§ WHAT YOU SHOULD DO
Pictures left aside, return the lines below exactly, from the one with "Burberry wooden hands decor" to the end, including both ends.

§ DATASET EXCERPT
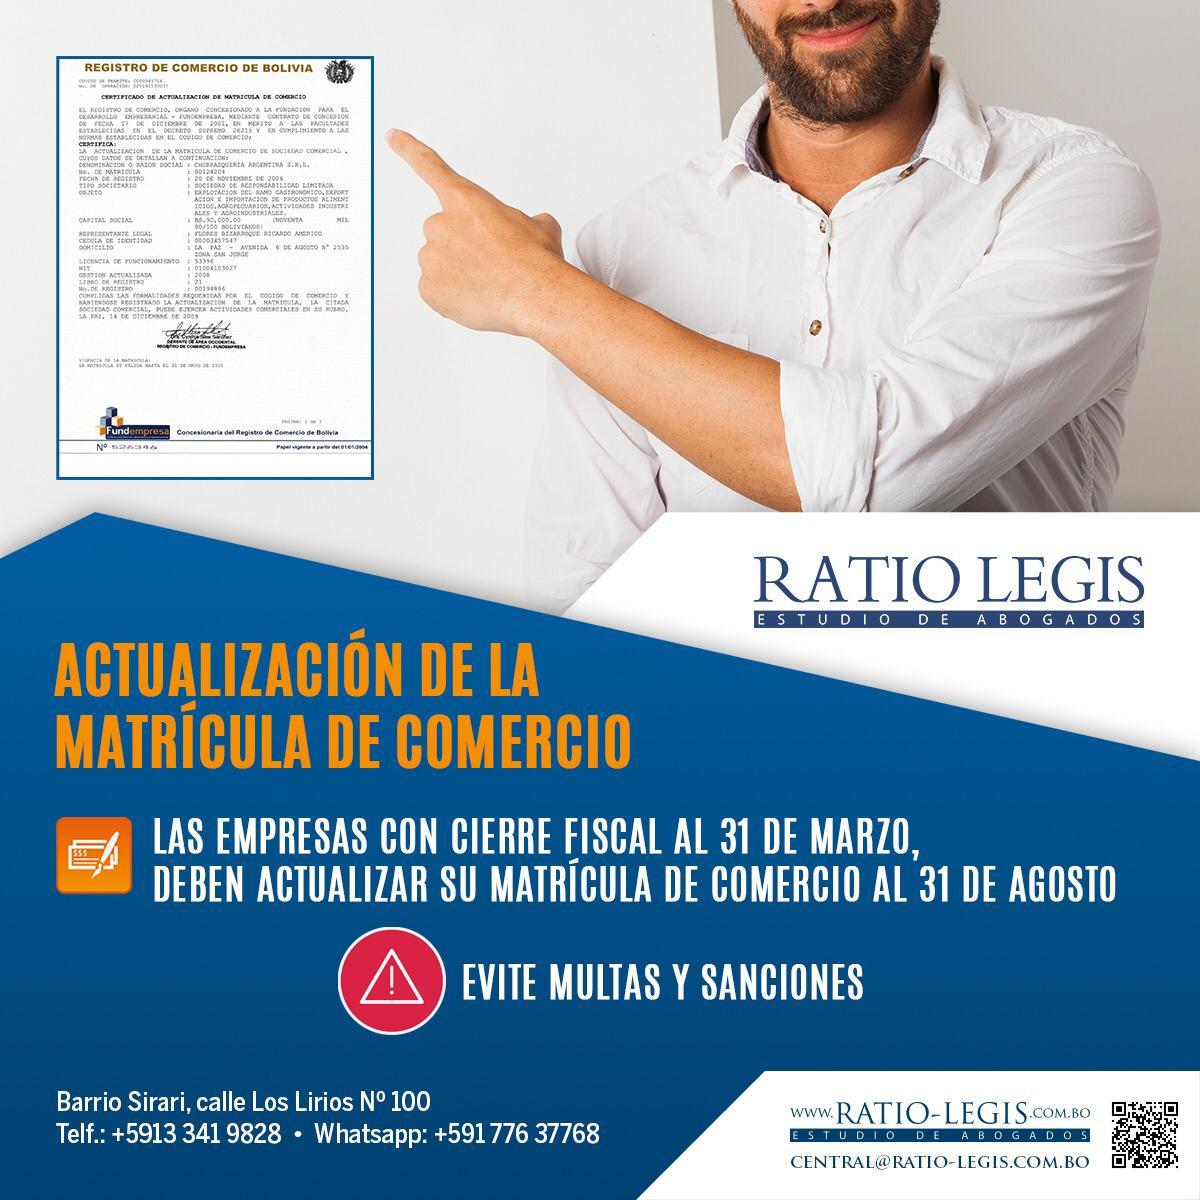 (Español) Actualización de la Matrícula de Comercio
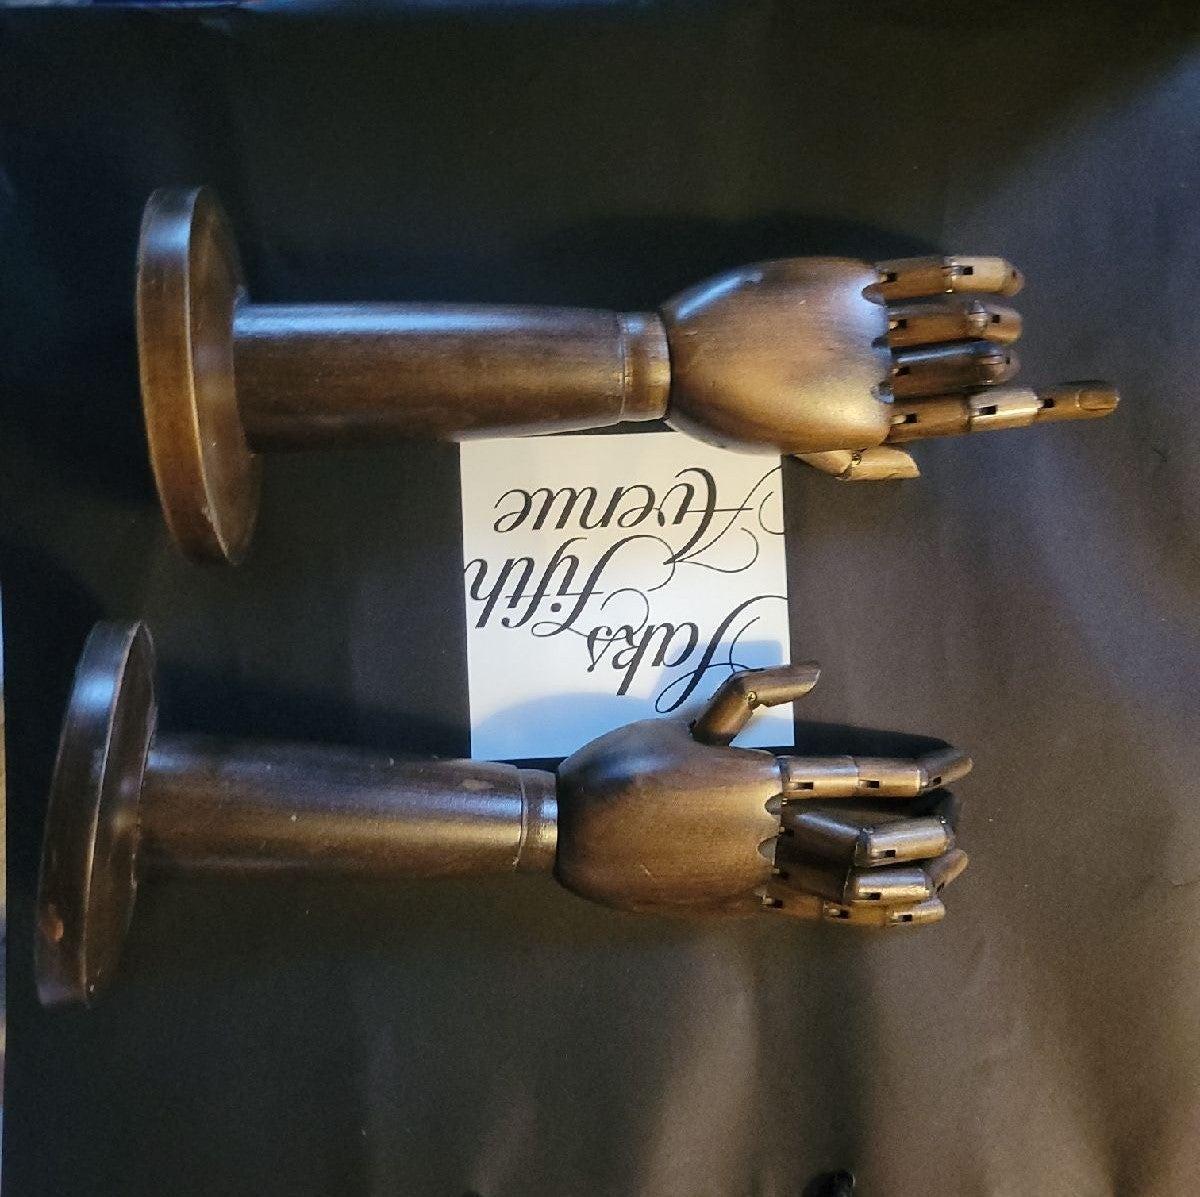 Burberry wooden hands decor
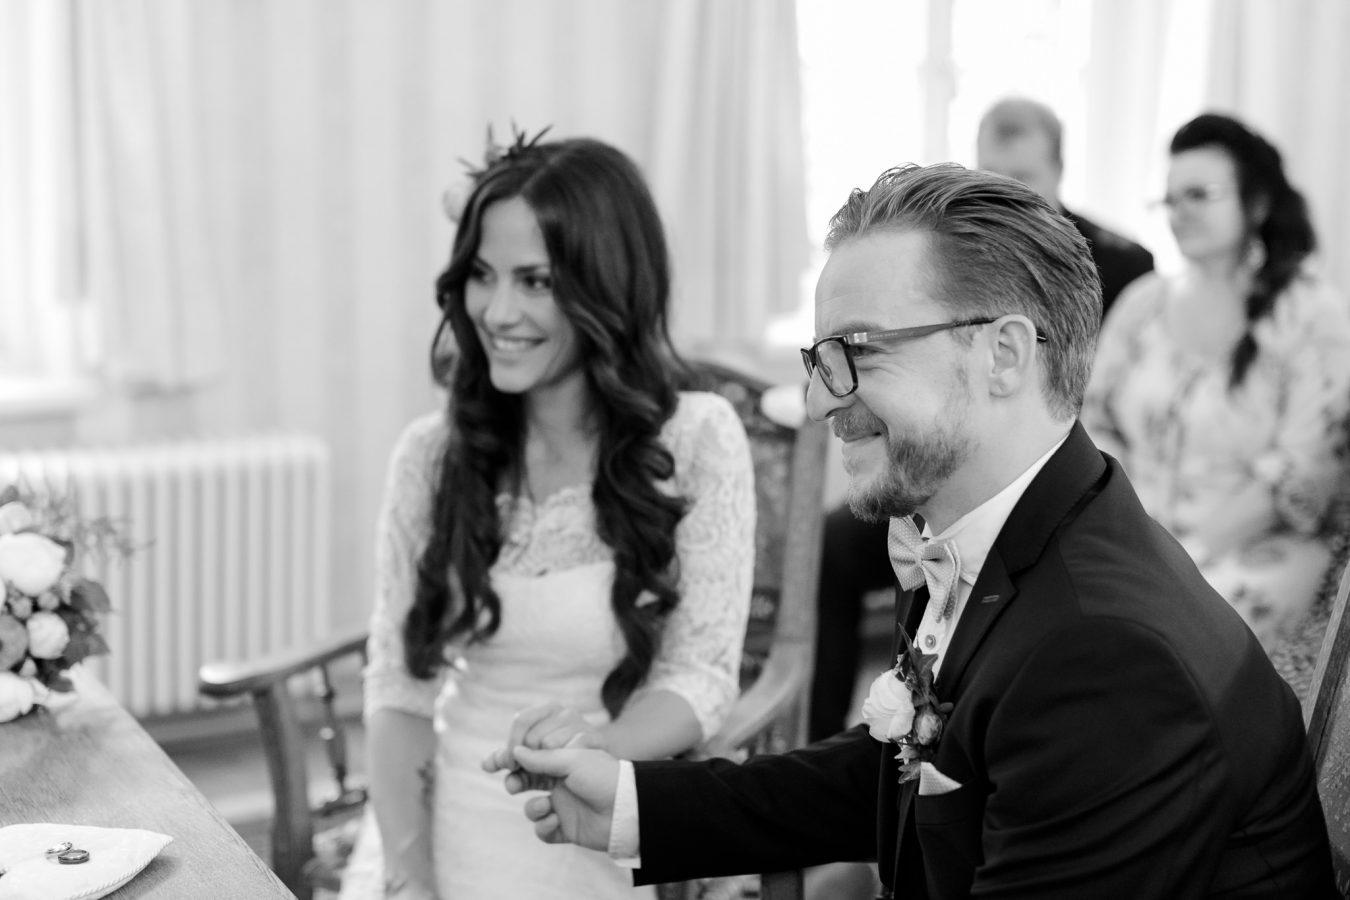 Hochzeitsfotograf Hamburg - Paar bei der standesamtlichen Trauung

§ TASK RESULT
 Burberry wooden hands decor
 Hochzeitsfotograf Hamburg - Paar bei der standesamtlichen Trauung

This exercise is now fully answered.